What are the challenges here then?

If it the requirement is only to proxy the stream, using a pipe is all that is needed. The entire task is simply to build a proxy service for the OpenAI API.. Unluckily, the challenges here are the modification part.

Modification

In NodeJs, Transformer class is use to modify the streaming chunks, so we could update the codes to be like this

const response = await axios.get(sourceApiUrl, {responseType: 'stream'});  
res.setHeader('Content-Type', 'application/json');
const modifyStream = new Transform({
transform(chunk, encoding, callback: any) {
const modifiedChunk = chunk.toString().toUpperCase(); // modify the content to uppercase
callback(null, modifiedChunk);
}
});
response.data.pipe(modifyStream).pipe(res);

Before the pipe to express response, modifyStream transformer was added, to modify the content before return to consumers.

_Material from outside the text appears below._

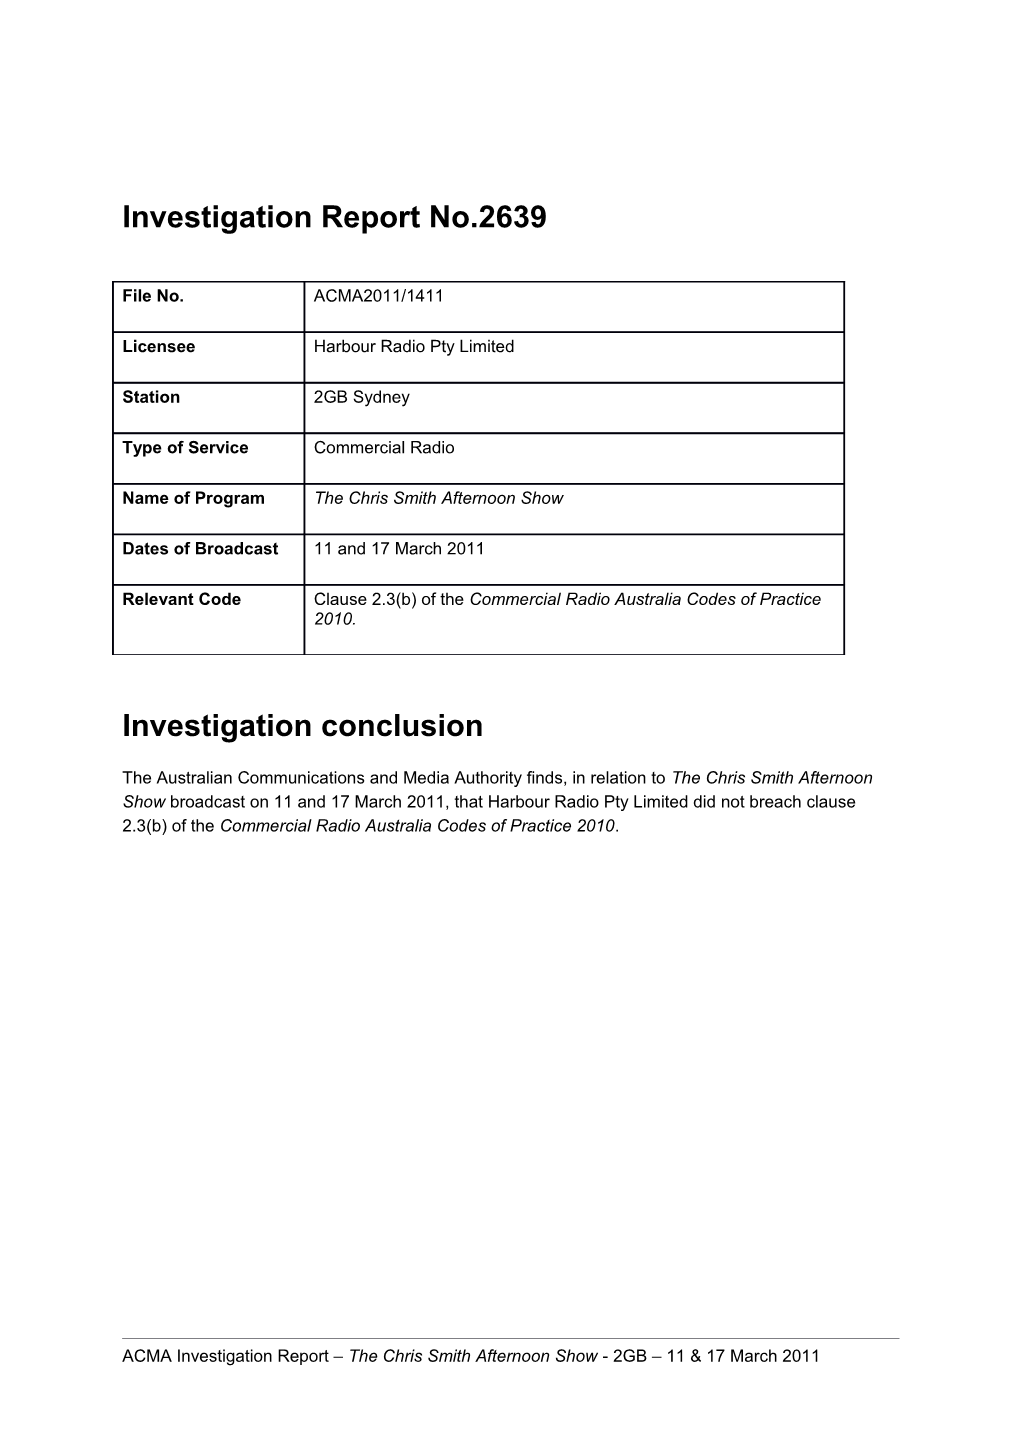 2GB - ACMA Investigation Report 2639

What if the stream response is not a chunk of text

We have to consider about this case as well, now many people are using the function and json response in GPT4 now, which means a simple transformer will not work as expected for modifying the stream content.

For example, to modify a chunk of unfinished JSON response in a stream,

  • We need to make sure the content is a valid JSON
  • At the same time, we need to make change on top of it, and return the modified content as early as possible to consumers.

However, JSON is a strongly structured data type, and it is not considered valid until it is closed with its curly bracket }.

This is a Node package to parse partial JSON.

import { parse } from 'best-effort-json-parser'
let data = parse(`[1, 2, {"a": "apple`)
console.log(data) // [1, 2, { a: 'apple' }]

On top of it, there is even simpler one, ‘http-streaming-request

const stream = makeStreamingJsonRequest({
url: "/some-api",
method: "POST",
});
for await (const data of stream) {
// if the API only returns [{"name": "Joe
// the line below will print `[{ name: "Joe" }]`
console.log(data);
}

In this case, we can update our codes to use it to make the modification for the streaming content.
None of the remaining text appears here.